First off, what will change as a result of the merger, and will we suddenly have treasure troves of data at our fingertips? Well, probably very little will change in the near future. The merger has not yet even been agreed to, and any new framework emerging may take years to be proposed, drafted, discussed and refined.

In this context, it is worth noting that EPUB 3 was introduced more than five years ago and is still not used by all publishers. Most egregiously, it is not even used by leading reading applications yet, such as Nook by Barnes & Noble, Tolino, the leading ebook app in Germany, Aldiko (owned by Feedbooks) and Bluefire Reader, though the latter two companies have announced plans to support EPUB 3 by the end of this year.

In other words, technological change in the book publishing industry does not happen fast. This will not come as surprise to any insider. Even outsiders know that book publishing is a very conservative industry.

But let us fast forward several years and imagine that books now live in the “open web.” Does that mean they will now be much easier to track, because instead of reading books inside Kindle, Nook and Kobo, we will be reading them in “normal” web browsers, such as Chrome (Google), Firefox (Mozilla), Safari (Apple) or Internet Explorer (Microsoft). You already notice that we are exchanging one set of technological giants (Amazon and Apple) with another (Google and Microsoft).

Also, maybe books will not be read on the “open” web, but in the closed web that is Facebook. If that were to occur, Facebook would be the new gatekeeper. Today Google is already unable to track and analyze what happens inside Facebook, so as brave as the proposal by Berners-Lee is, it may not make books really more trackable if they merely moved from one walled garden (Amazon) to another (Facebook).

But let us assume they really live on the genuinely open web of browsers like Chrome, Firefox, Safari and Internet Explorer and not inside the walled garden of Facebook. Now, you could surely use Google Analytics to understand the reading behavior of users? Well, not so fast.

Other forms of content, like audio (Soundcloud) and video (Youtube), live on the open web, and Google Analytics gives you only limited insights. The download statistics are still owned by those who host the content, i.e. Soundcloud and YouTube. Books are no different. Most readers get their books from booksellers like Amazon, B&N, Kobo and others, not publishers (there are notable exceptions like tor.com, harlequin.com and lostmyname.com).

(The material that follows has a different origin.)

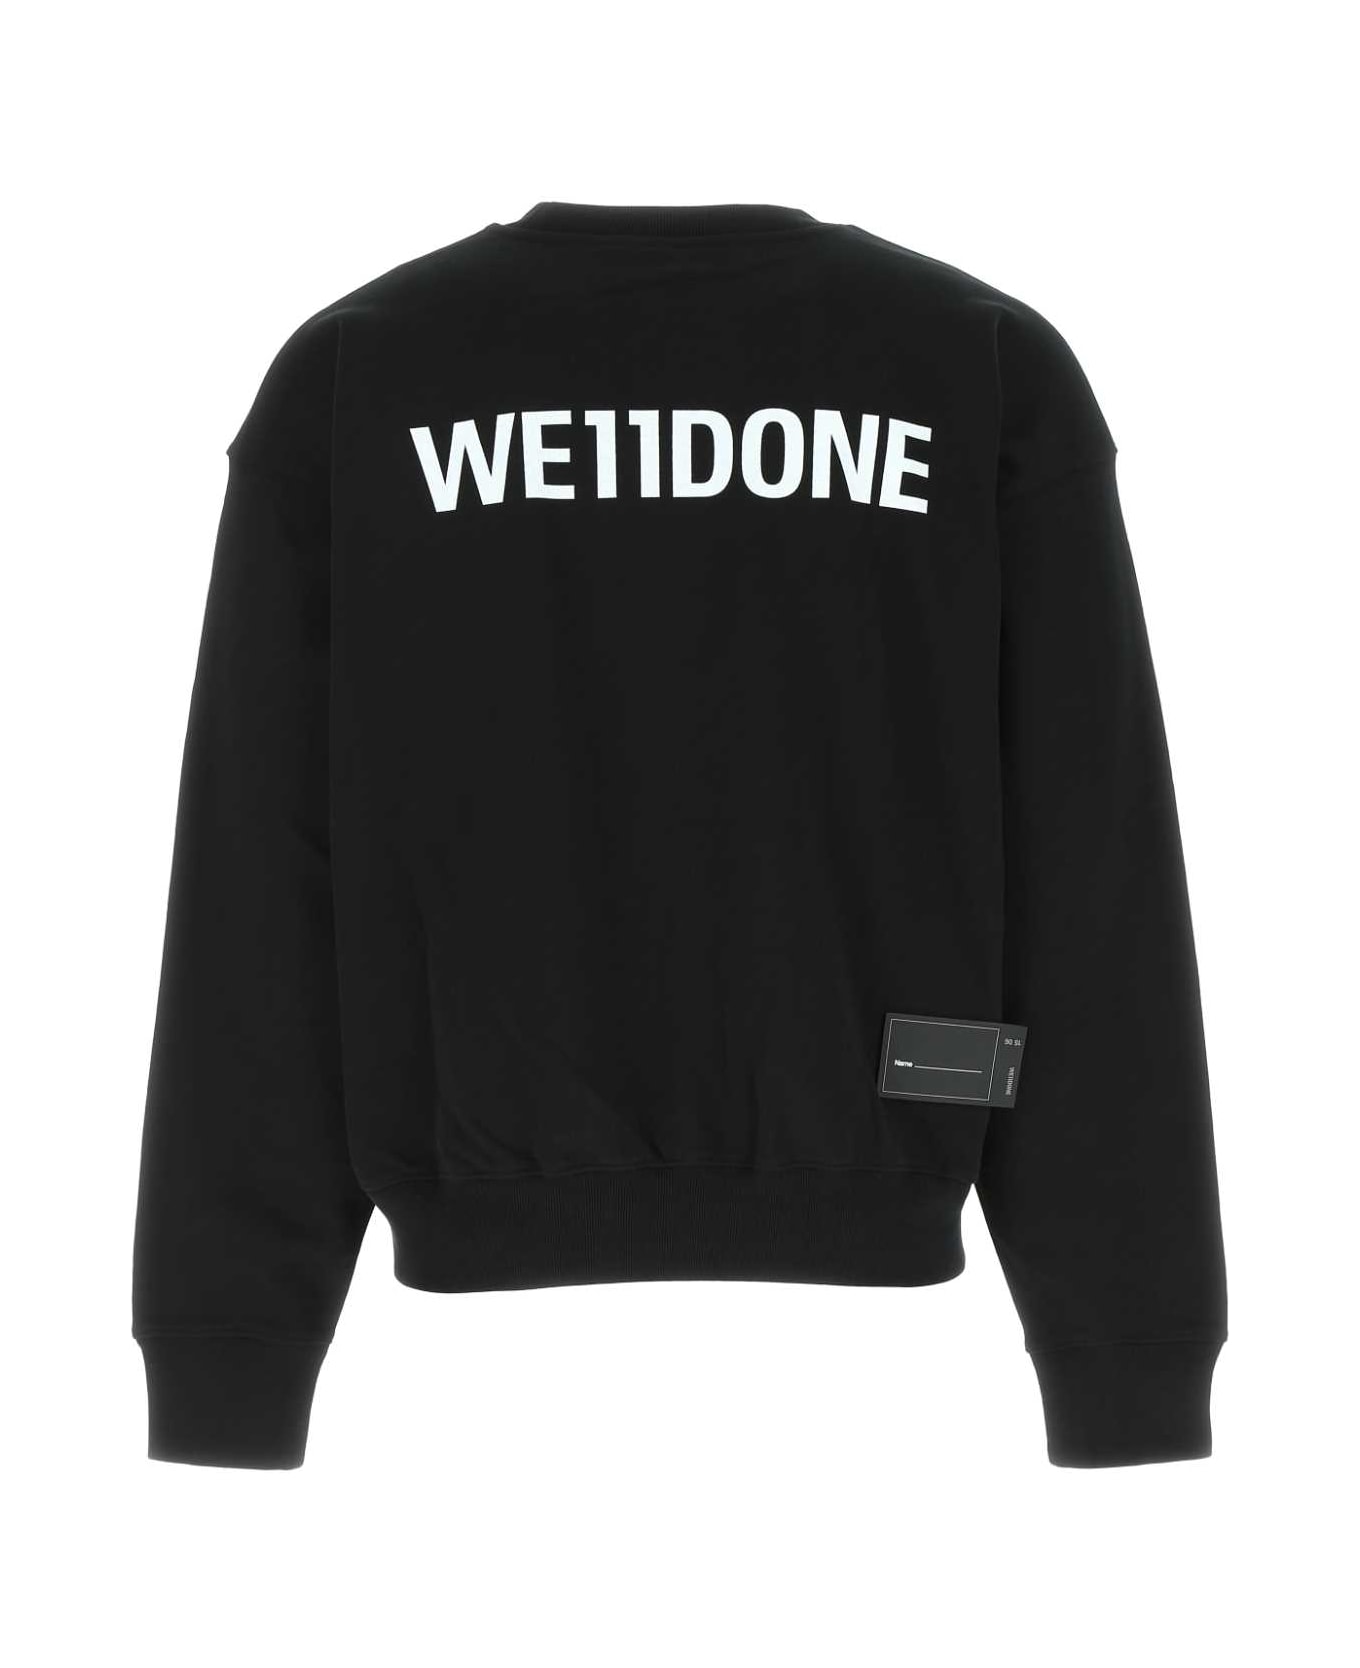 WE11 DONE Black Cotton Oversize Sweatshirt - BK

Tracking technologies such as candy.js by Jellybooks would be much easier to deploy in such an environment, but you will still need this sort of customized tracking technology to measure how media is consumed unless it’s small snippets of webpages. Long-from content of more than 10,000 words (and that means books) will still require dedicated analytics tools.

It’s also worth pointing out that Google Analytics primarily deals with how users navigate from one webpage to another (see, for example, this lovely cartoon from xkcd). Google Analytics doesn’t deal with things like reading engagement, whether you scroll and flip pages, where and when you pause, if you finish the particular book and what the audience for that book looks like. Book reading is still very, very different from browsing the web. Google Analytics was developed for a totally different form of user engagement, which is searching for snippets of information, shopping for goods, navigating from one webpage to another, and will not help an author or publisher understand reader engagement. That’s why specialized tools are used in addition to Google Analytics by many who specialize in this area, and book publishing will be no different.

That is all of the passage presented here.